NAME
Catalyst::View::Email::Template - Send Templated Email from Catalyst
SYNOPSIS
Sends Templated mail, based upon your Default View. Will capture the output of the rendering path, slurps in based on mime-types and assembles a multi-part email and sends it out.
CONFIGURATION
View::Email::Template:
# Set it up so if you have multiple parts, they're alternatives.
# This is on the top-level message, not the individual parts.

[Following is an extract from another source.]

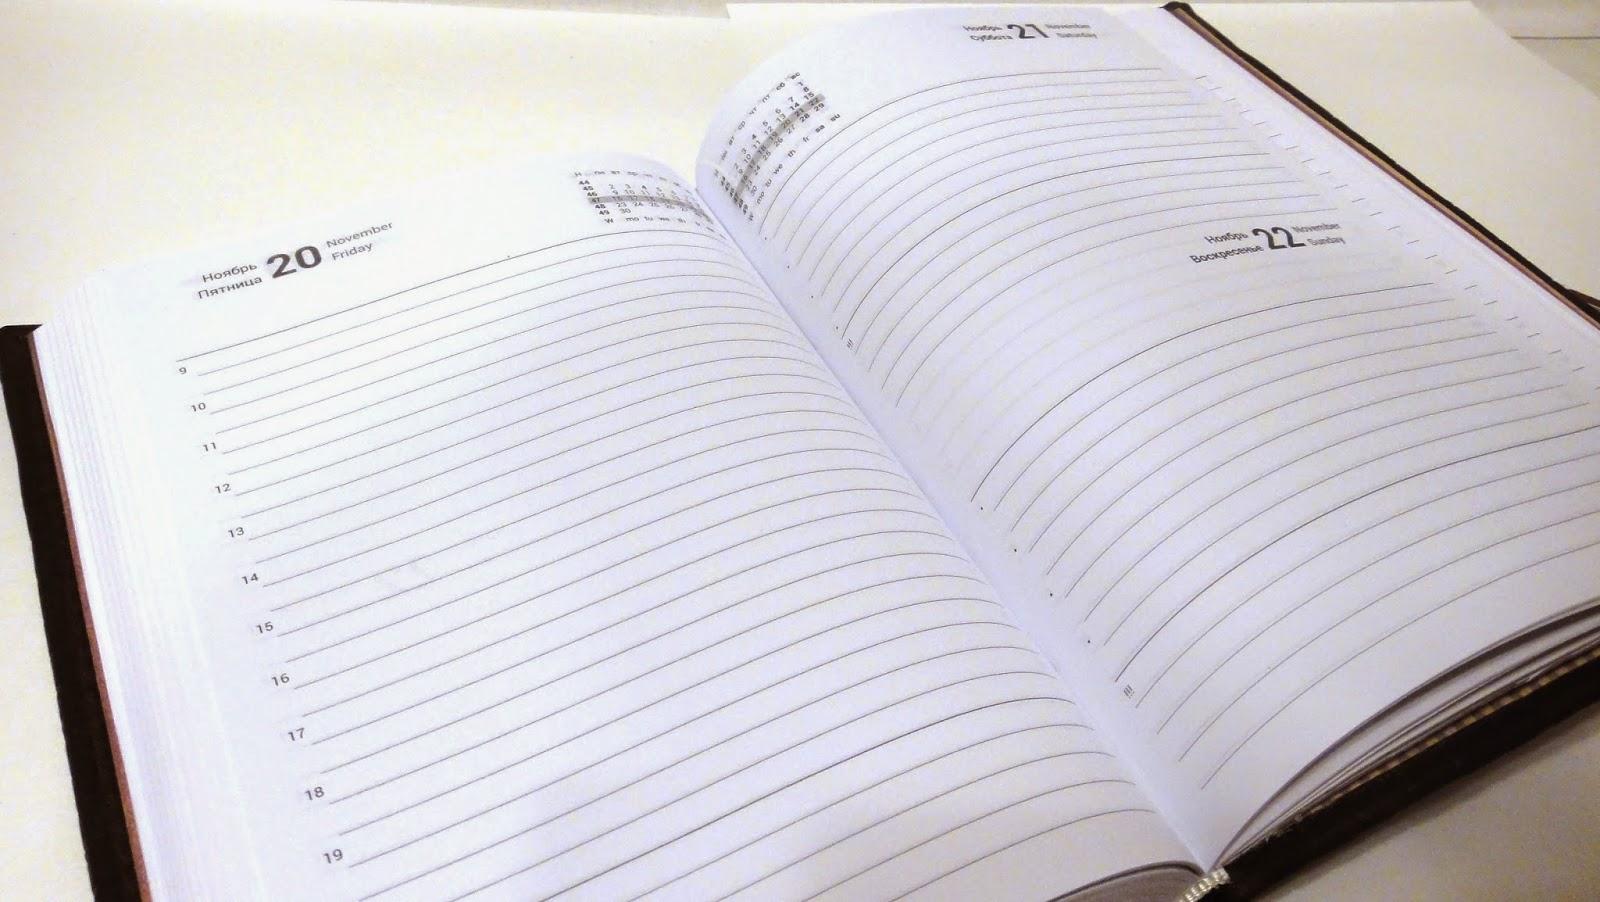 Датированный ежедневник 2015 - бизнес-ежедневники на заказ

content_type: multipart/alternative
# Optional prefix to look somewhere under the existing configured
# template paths.
template_prefix: email
# Where to look in the stash for the email information
stash_key: email
# Setup how to send the email
sender:
method: SMTP
host: smtp.myhost.com
username: username
password: password
SENDING EMAIL
Sending email is just setting up your stash key, and forwarding to the view.
$c->stash->{email} = {
to => 'jshirley@gmail.com',
from => 'no-reply@foobar.com',
subject => 'I am a Catalyst generated email',
# Specify which templates to include
templates => [
qw{text_plain/test.tt},
qw{text_html/test.tt}
]
};
$c->forward('View::Email::Template');
If it fails $c->error will have the error message.
TODO
ATTACHMENTS
There needs to be a method to support attachments. What I am thinking is something along these lines:
attachments => [
# Set the body to a file handle object, specify content_type and
# the file name. (name is what it is sent at, not the file)
{ body => $fh, name => "foo.pdf", content_type => "application/pdf" },
# Or, specify a filename that is added, and hey, encoding!
{ filename => "foo.gif", name => "foo.gif", content_type => "application/pdf", encoding => "quoted-printable" },
# Or, just a path to a file, and do some guesswork for the content type
"/path/to/somefile.pdf",
]
SEE ALSO
Catalyst::View::Email - Send plain boring emails with Catalyst
Catalyst::Manual - The Catalyst Manual
Catalyst::Manual::Cookbook - The Catalyst Cookbook
AUTHORS
J. Shirley <jshirley@gmail.com>
LICENSE
This library is free software, you can redistribute it and/or modify it under the same terms as Perl itself.